A Swiss investment firm specialised in the timber industry is pitching a new product seeking to capitalise on changes to established business practices; UBS has listed five new AMCs in South Africa; Citi partners with Qontigo to launch clean energy-linked products; and more.
Timber Finance has developed the first structured product offering investors access to the forest and timber industry in the USA, Canada, and Europe.
The Swiss firm has partnered with Zurcher Kantonalbank to launch an actively managed certificate (AMC) tracking the performance of the Timber Finance Carbon Capture and Storage Index which incorporates the carbon benefits of mass timber construction (3S - Sequestration, Substitution, and Storage).
We can see that climate change is driving systematic structural change in the construction industry - Erik Reichmuth, Timber Finance Management
The index developed by Timber Finance aims to represent companies which have direct or indirect exposure to the production of long-term durable wood products which have the potential to store CO2 for a century or more in the construction sector – it is comprised by an equities basket of 20 leading listed companies from forestry and timber industry and is calculated by Solactive.
Through participation in the value chain of durable wood products, these companies contribute to the long-term capture and storage of CO2 in the built environment. Timber Carbon Capture and Storage (TCCS) has a positive climate impact through the removal of Carbon Dioxide from the Atmosphere (CDR).

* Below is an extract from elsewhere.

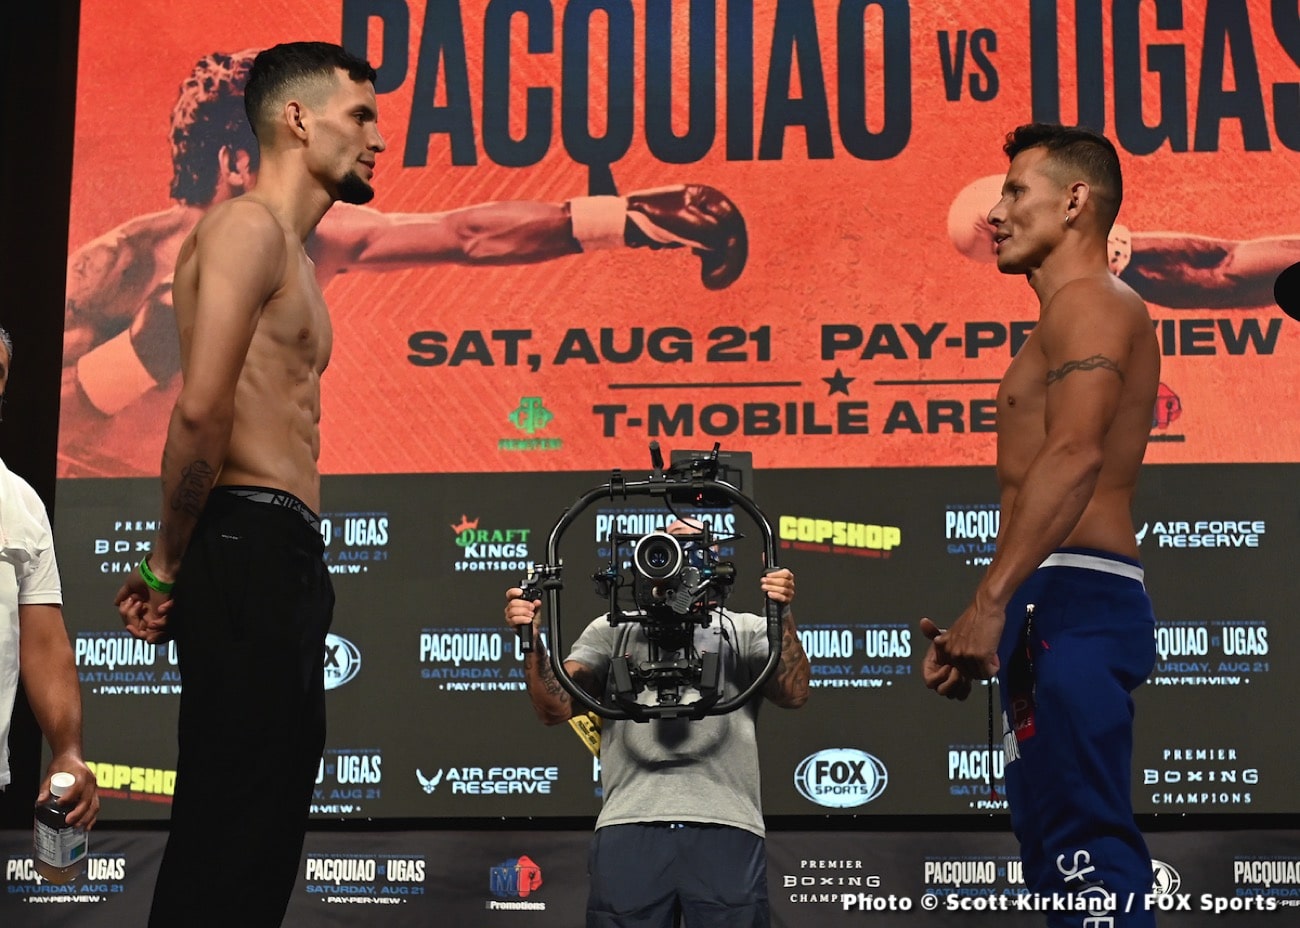 Image: Manny Pacquiao 146 vs. Yordenis Ugas - 147 - weigh-in results

‘Our index and listed equity product focuses on improving CO2 absorption rates through sustainable forest management, the long-term storage of carbon in mass timber products, and the simultaneous replacement of CO2-intensive building materials such as steel and concrete,’ said Erik Reichmuth (pictured), managing director of Timber Finance Management.
‘We can see that climate change is driving systematic structural change in the construction industry. New regulations are being implemented which limit CO2 emissions associated with the building sector and technological advancement as well as revised building codes enable the use of timber in entirely new applications, establishing mass timber as a megatrend that will be with us for decades to come.’
According to Reichmuth, there are a couple of similar products in the market, but what differentiates the new AMC from others is its ‘focus on the long-term storage of carbon in mass timber products’.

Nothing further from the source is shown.